Wednesday, October 26, 2011

I have no idea

I couldn't think of a title. That's as good as it gets. The only other thing that comes to mind is 'waiting'.......been there done that! I feel like I am on a roller coaster. Some days up, some days down........some hours up...some down. Wow, that sound kinda depressing.
OK, new topic. Jim has been working straight days 7-3 M-F. The past couple of weeks he has come home with many stories of surgeries at work done on adoptive girls from China. This is rare. I can count on one hand the number of surgeries on adoptive kids that he has talked about. Why in the last couple of weeks has there been soooo many.
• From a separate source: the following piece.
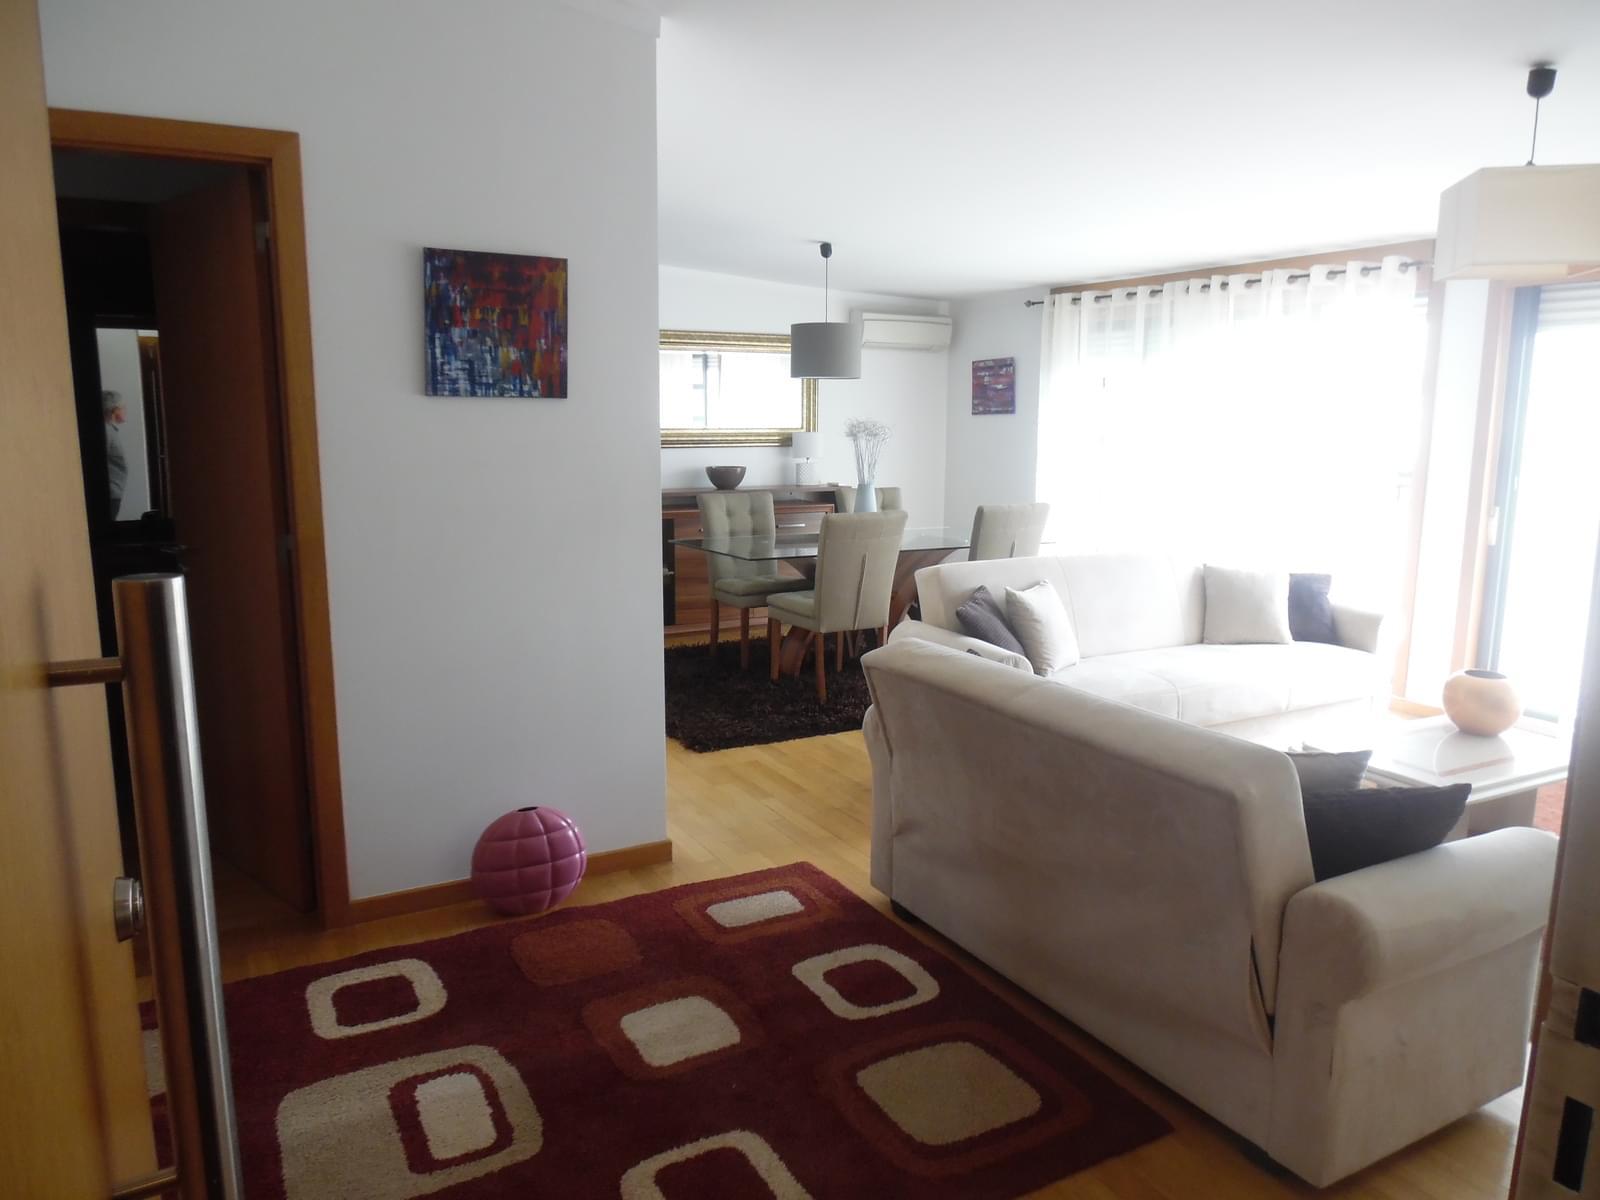 pf18329-apartamento-t1-lisboa-dddf9774-7b66-44dd-b1bf-0d3aea4b199a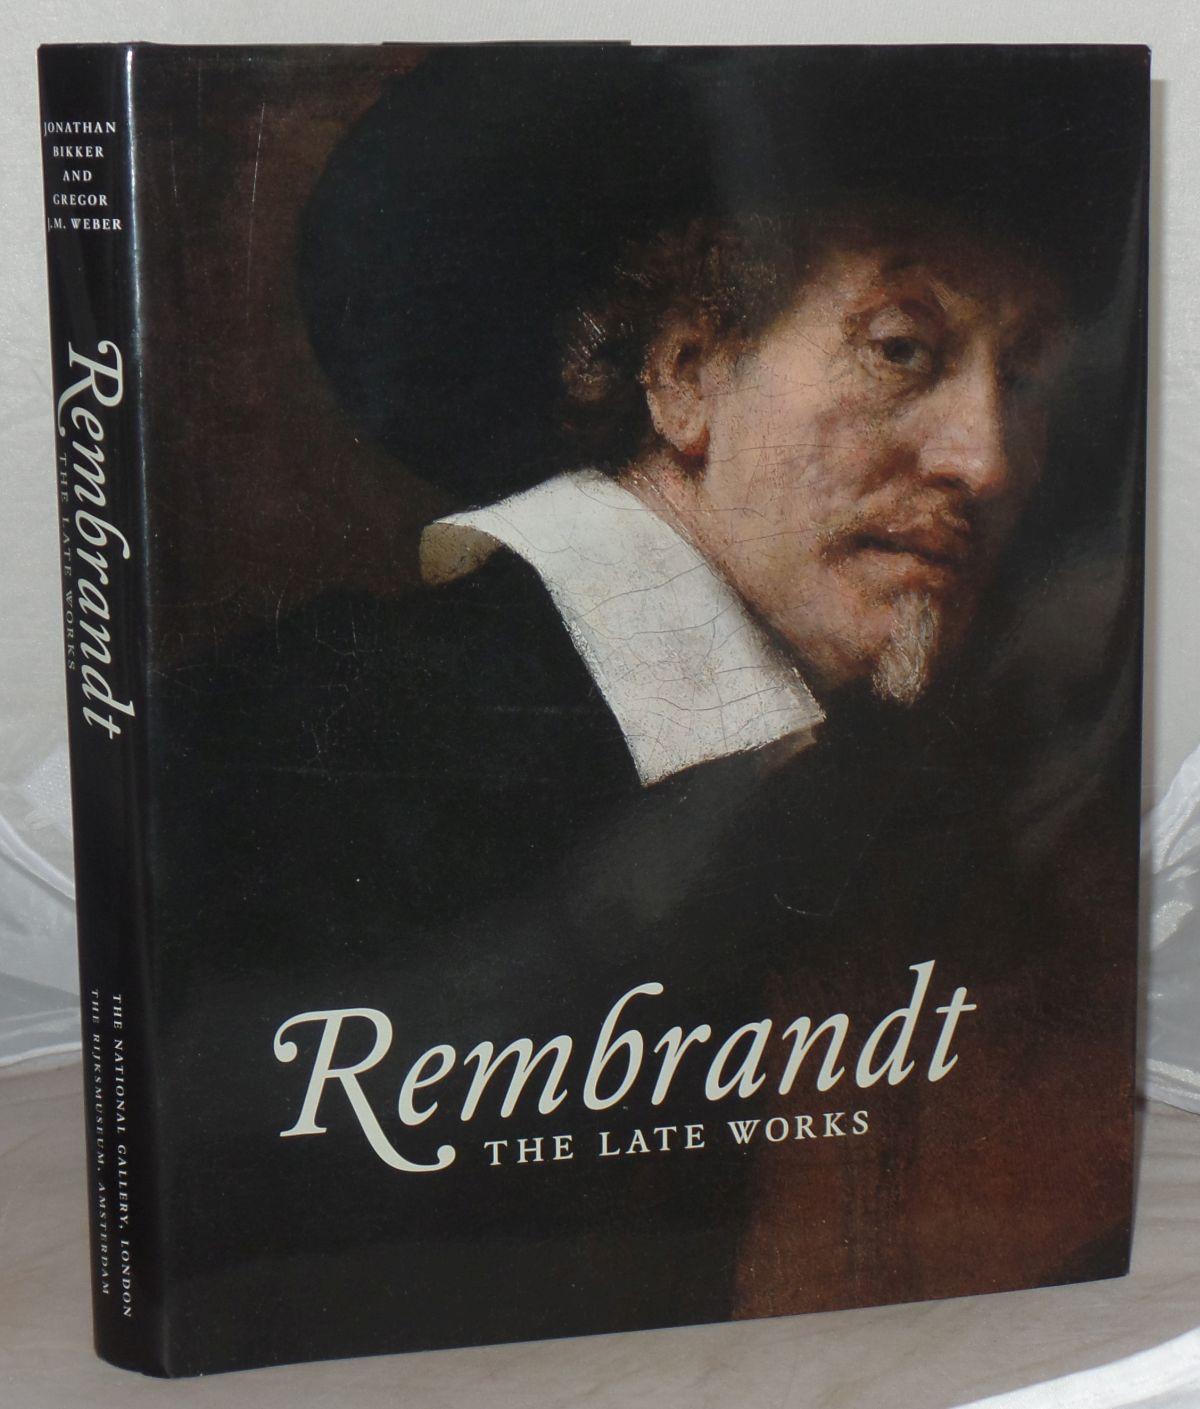 Rembrandt: The Late Works - Bikker, Jonathan ; Weber, Gregor J. M.

I would love to be able to chalk it up to divinity or karma, but, I am too pessimistic to put much faith in that. Part of me is able to, the other part, not so much. I have been let down too much, yet I still have faith. I cling to that part that just wants to believe that this is a sign from above, but, if not, I don't think I can handle the emotional crash. I know that she is out there, I can feel her. We just need to find her. I do have faith!
I think I need to stop blogging after 9 pm. I get far too philosophical and emotional! OH well, I have been paper pregnant for about 2 years now!!!!!!
I will let you know Friday where we stand with the release of the shared list. Cross your fingers and say a few prayers.